● **TASK GOAL**: In your copy, include every line of the listing below exactly but none of the pictures.

● **INPUT DATA**:
##########

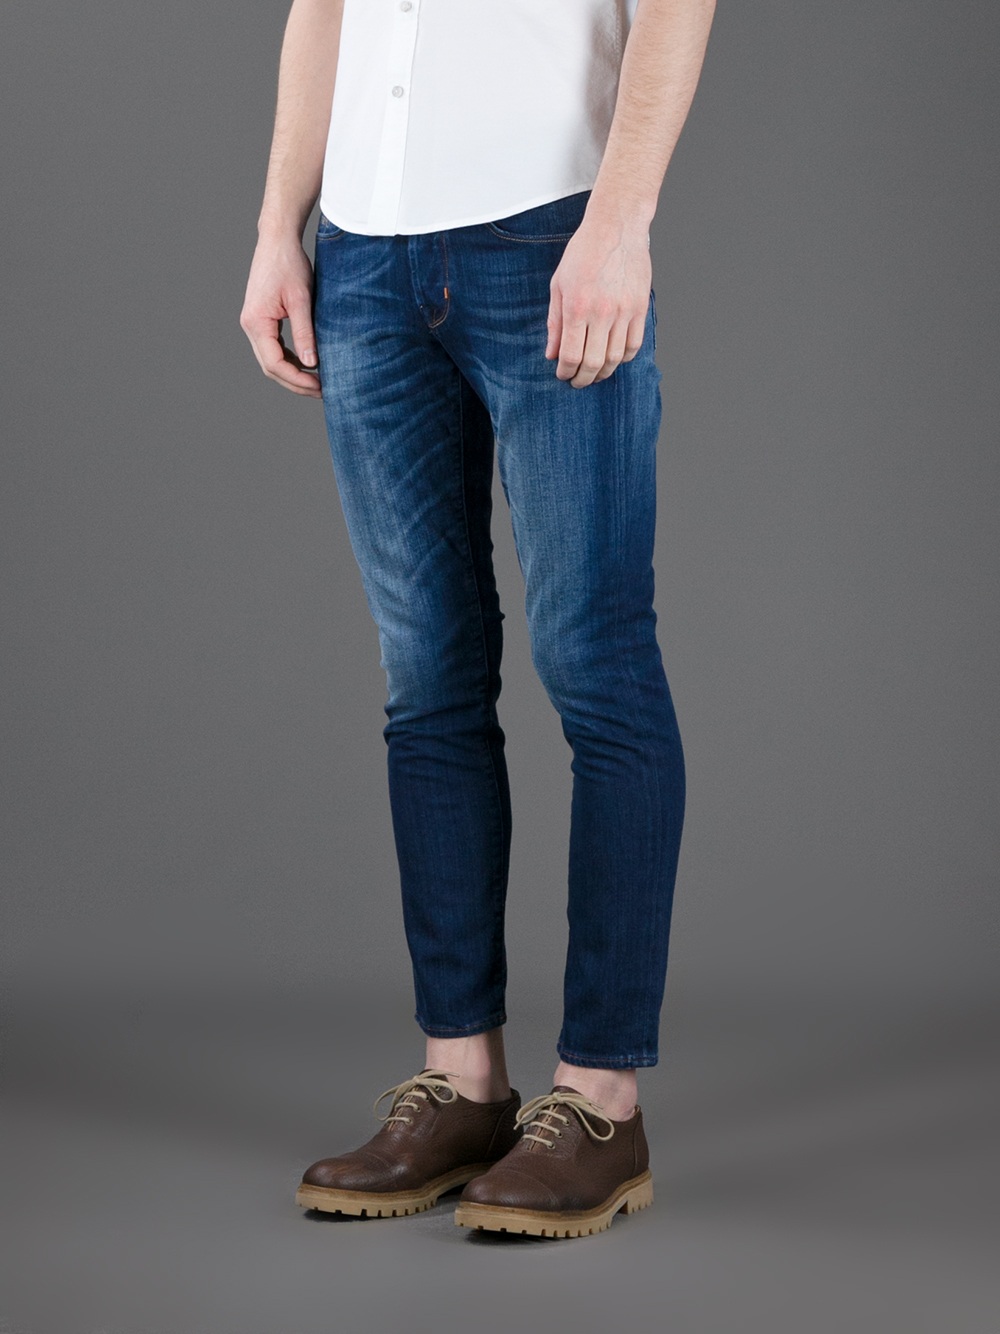 Jacob Cohen Jeans Slim Fit Flash Sales, SAVE 42% - online-pmo.com
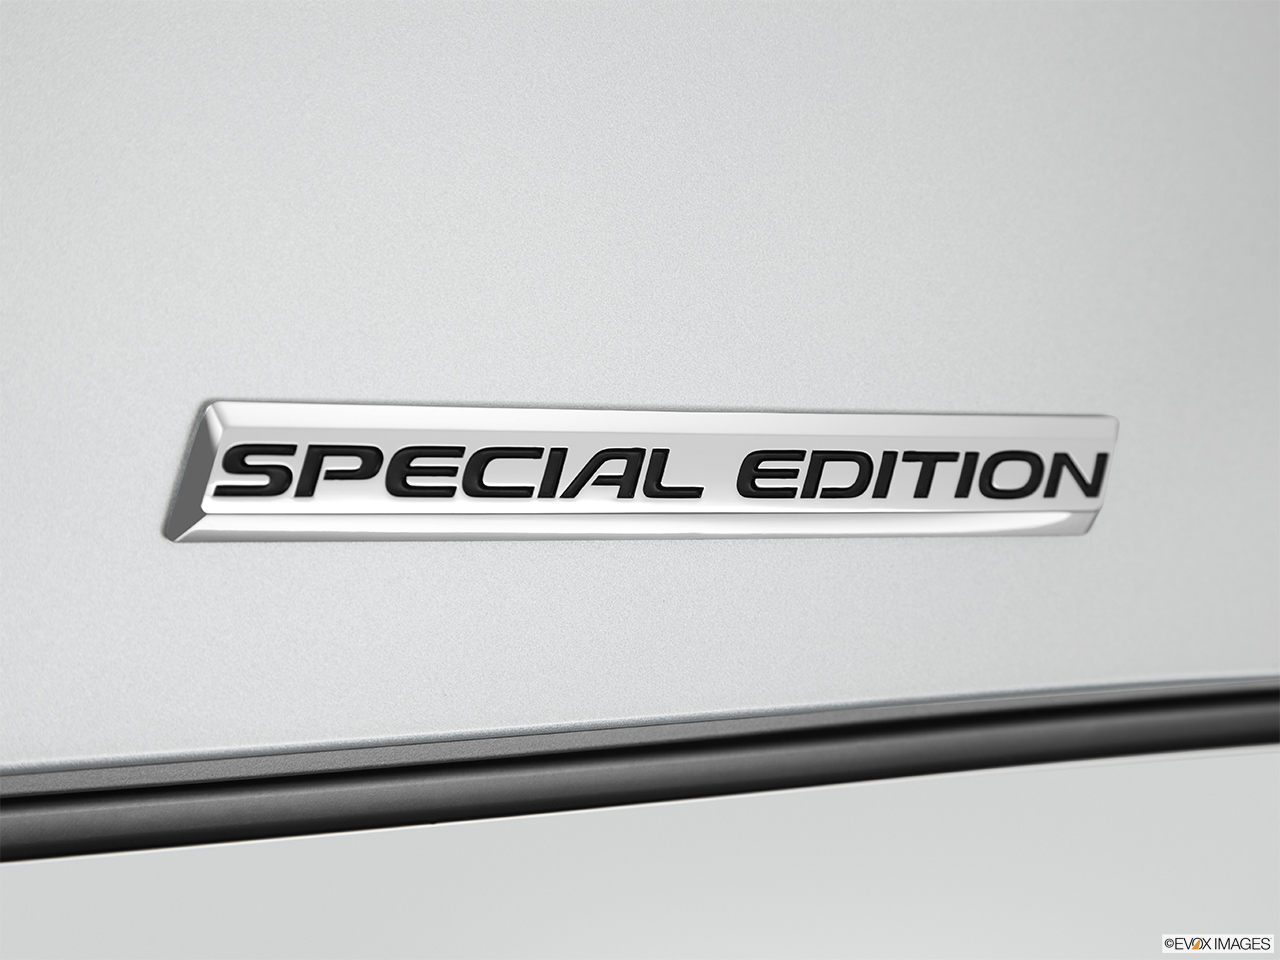 2014 Acura TL Special Edition Exterior Bonus Shots (no set spec) 
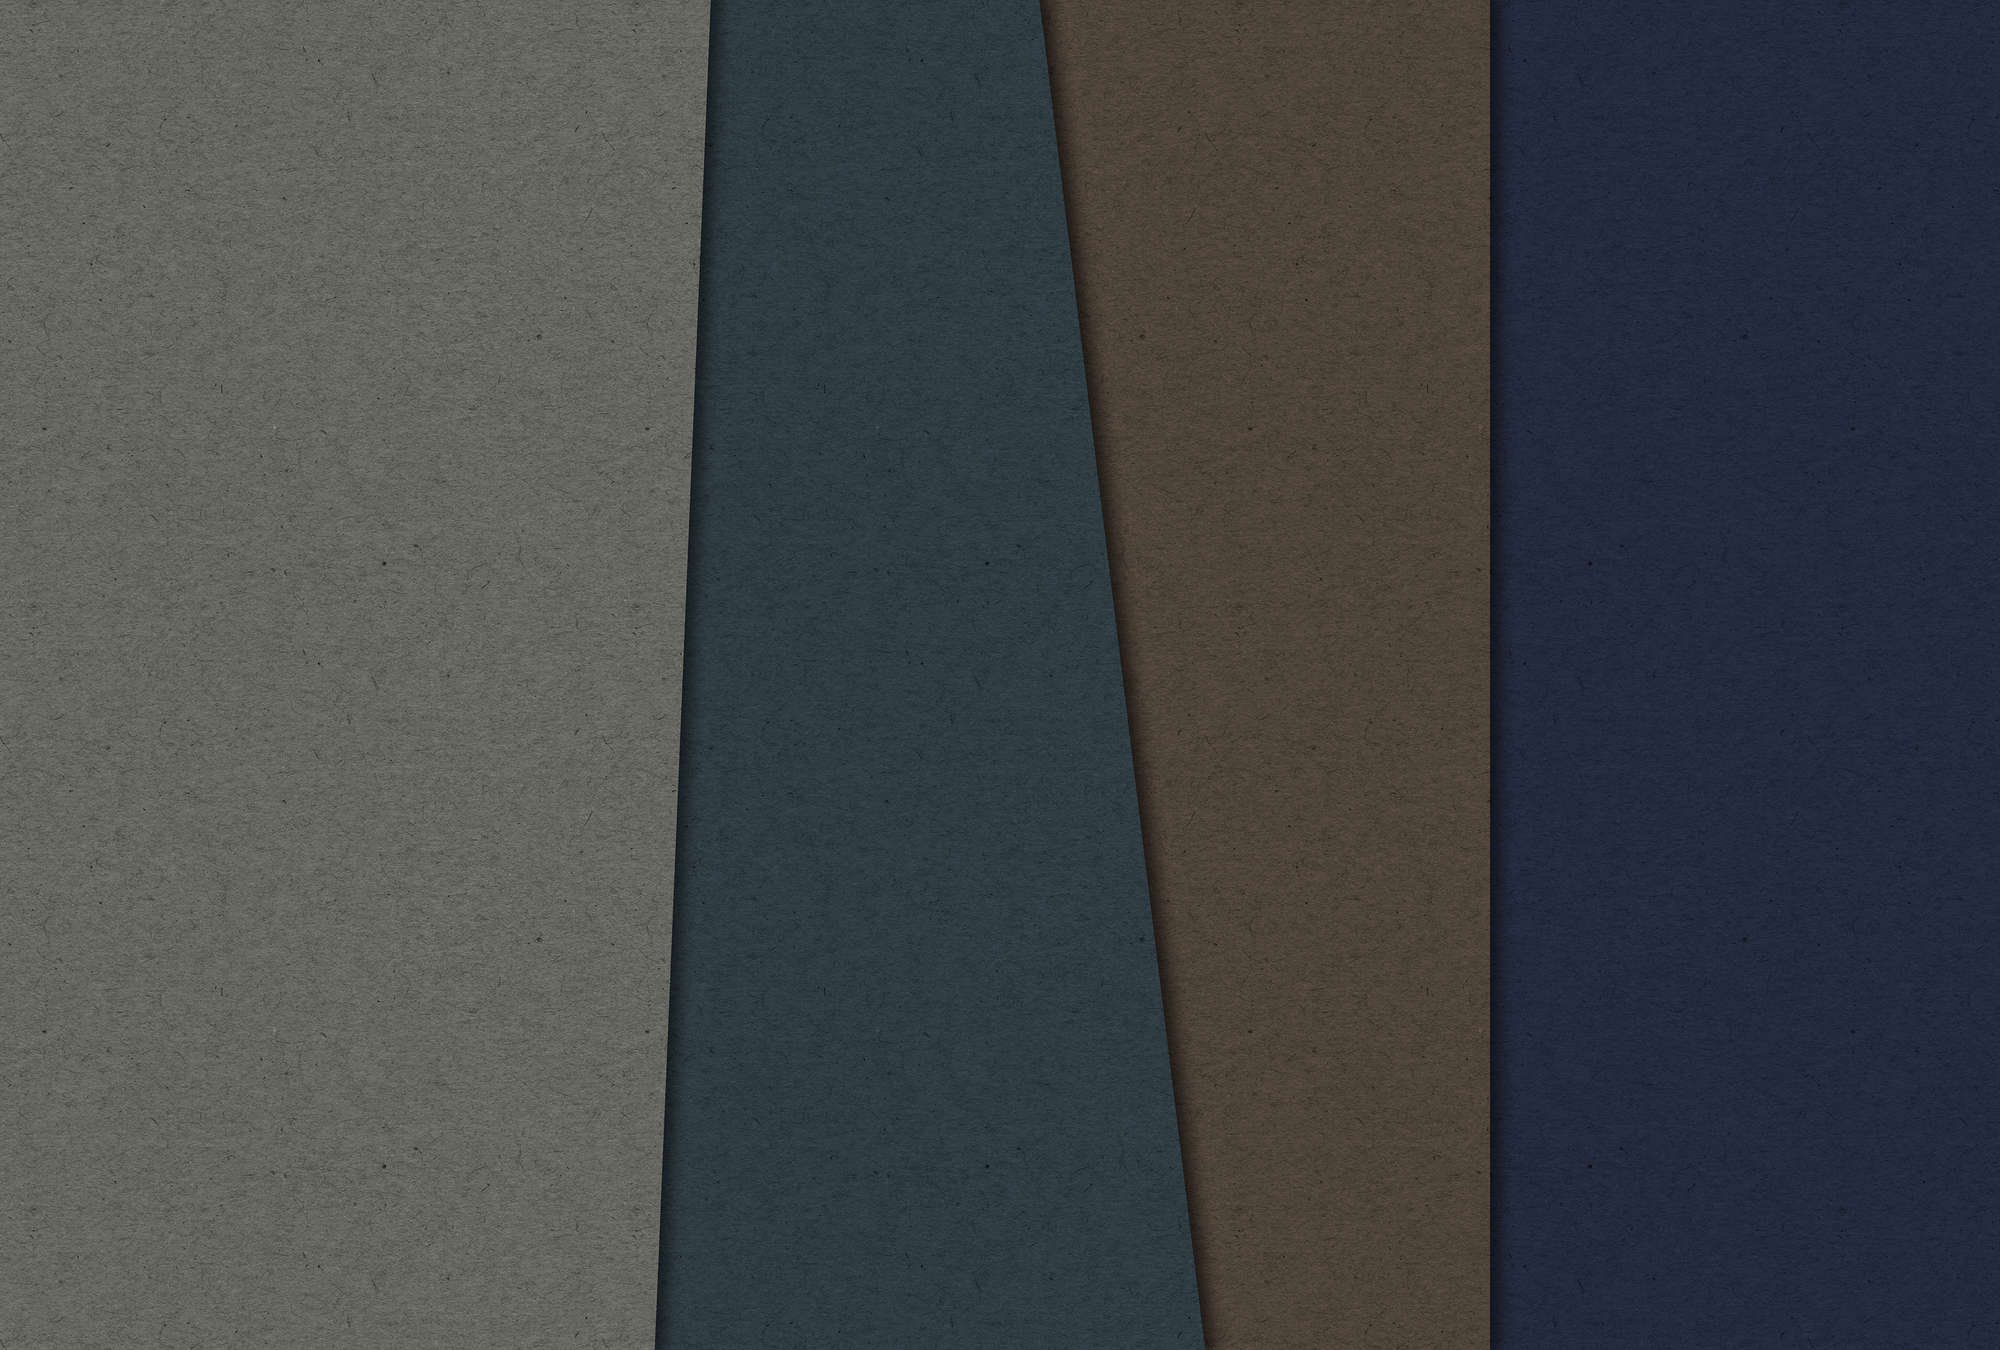             Layered Cardboard 2 - Papier peint structure carton avec champs de couleurs sombres - bleu, marron | Premium intissé lisse

##########

● **FINISHED TASK**:
 Jacob Cohen Jeans Slim Fit Flash Sales, SAVE 42% - online-pmo.com
 2014 Acura TL Special Edition Exterior Bonus Shots (no set spec) 
             Layered Cardboard 2 - Papier peint structure carton avec champs de couleurs sombres - bleu, marron | Premium intissé lisse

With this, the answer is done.